*** Opening Record set ***
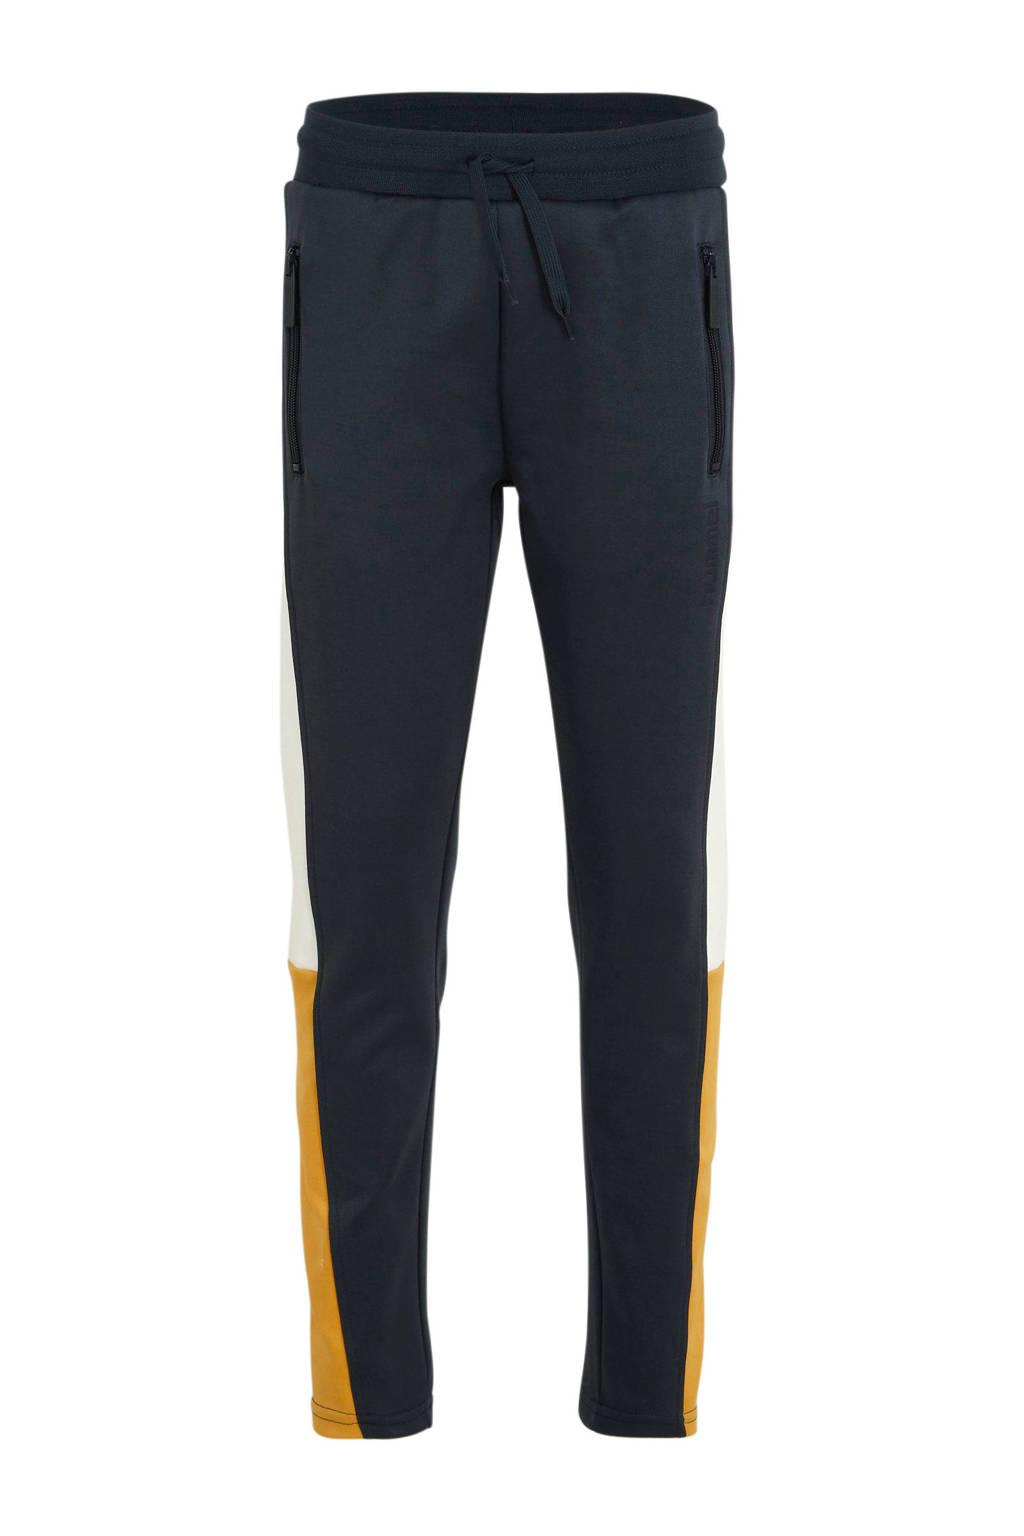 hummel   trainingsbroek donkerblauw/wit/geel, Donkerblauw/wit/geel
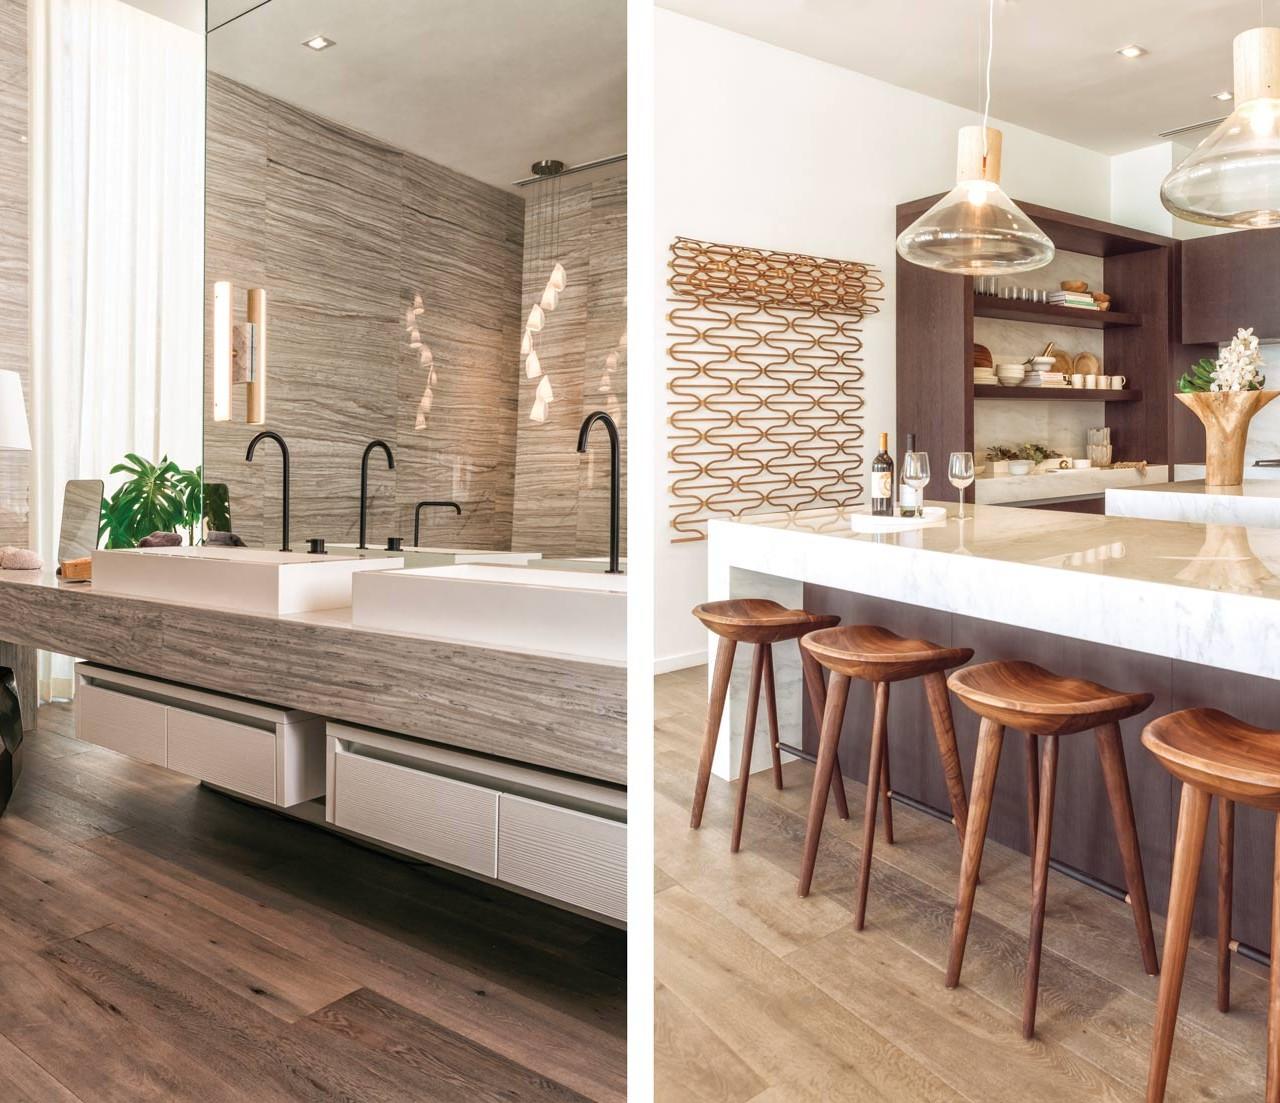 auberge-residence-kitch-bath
*** Closing Record set ***
*** Opening Record set ***
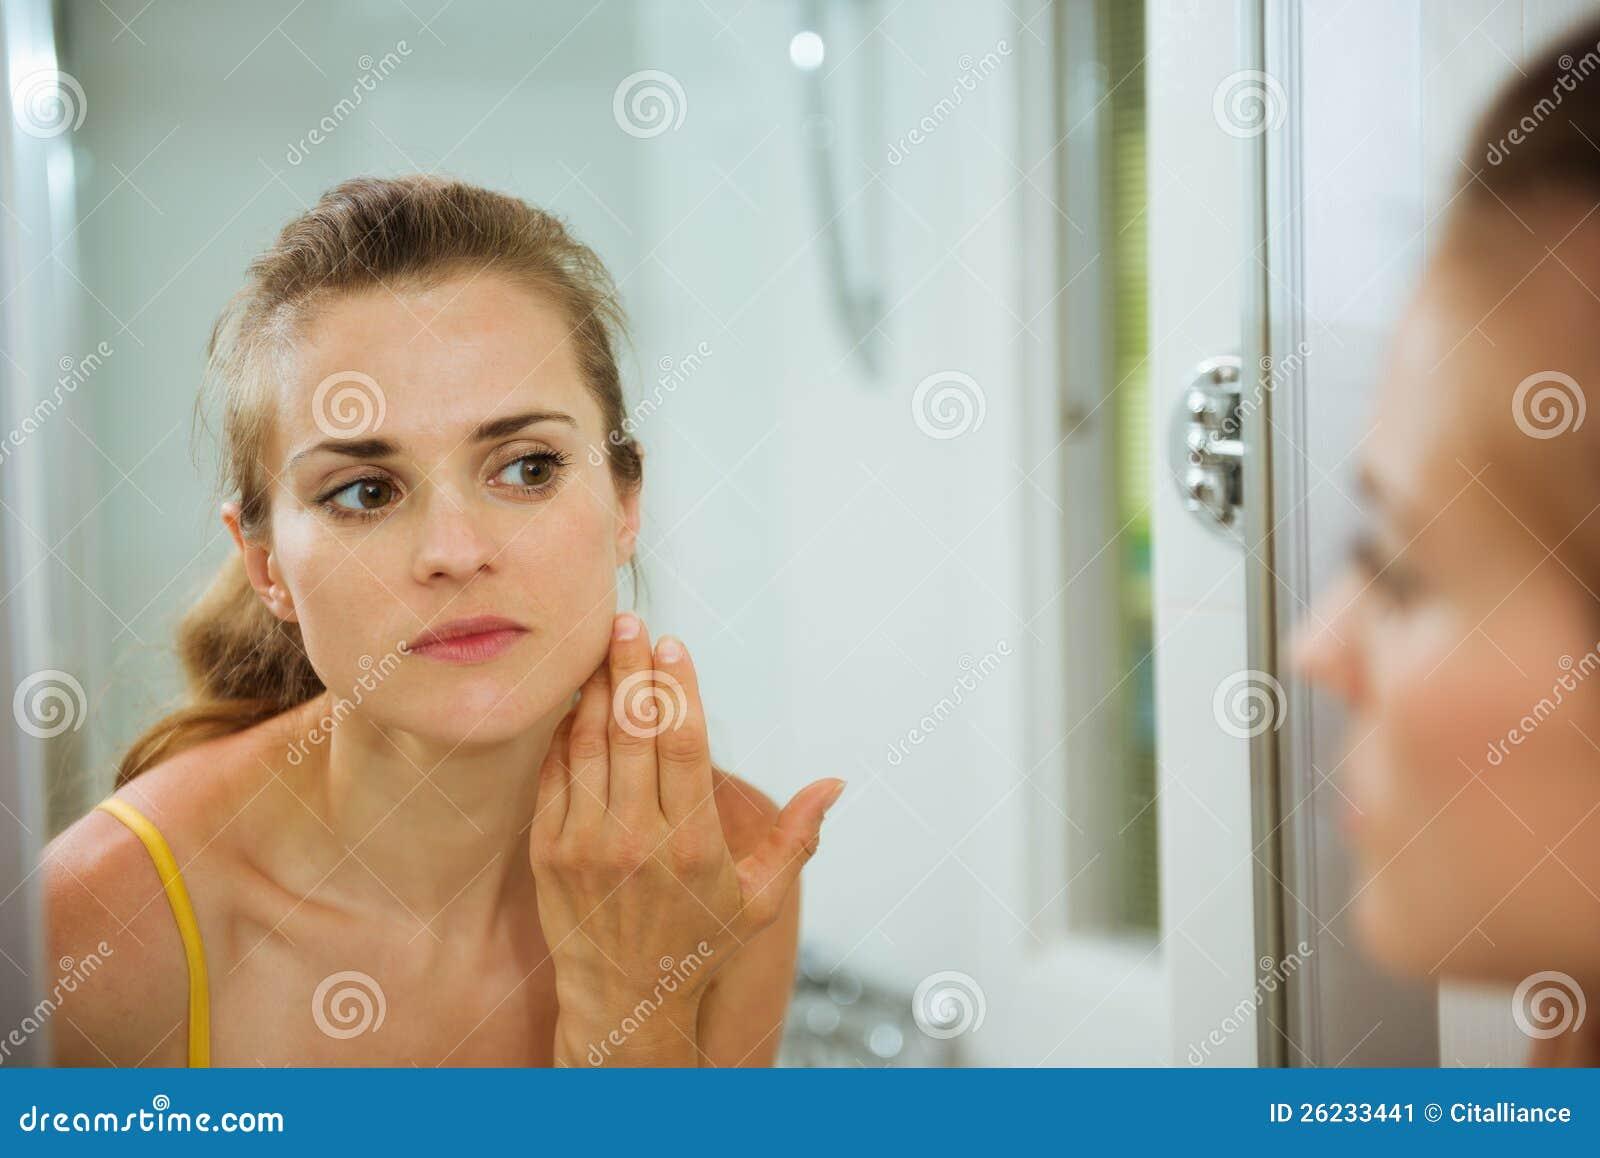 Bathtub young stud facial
*** Closing Record set ***
*** Opening Record set ***
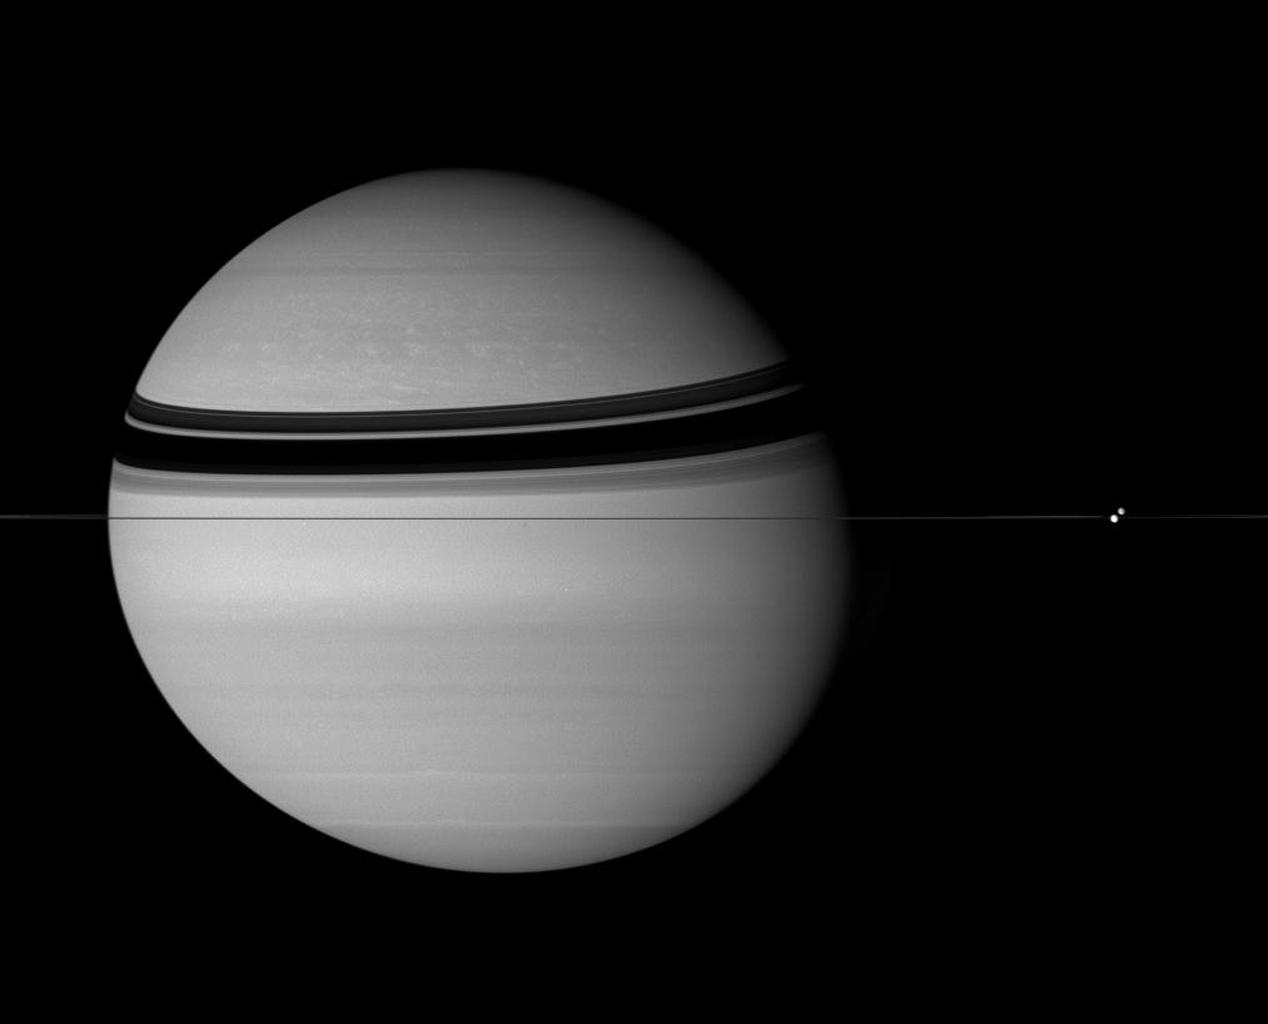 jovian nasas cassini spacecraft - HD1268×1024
*** Closing Record set ***
Retype the lines above exactly as they appear, from the line containing "trainingsbroek donkerblauw/wit/geel, Donkerblauw/wit/geel" through the line containing "auberge-residence-kitch-bath", and leave out any pictures.

Answer to this problem:
 hummel   trainingsbroek donkerblauw/wit/geel, Donkerblauw/wit/geel
 auberge-residence-kitch-bath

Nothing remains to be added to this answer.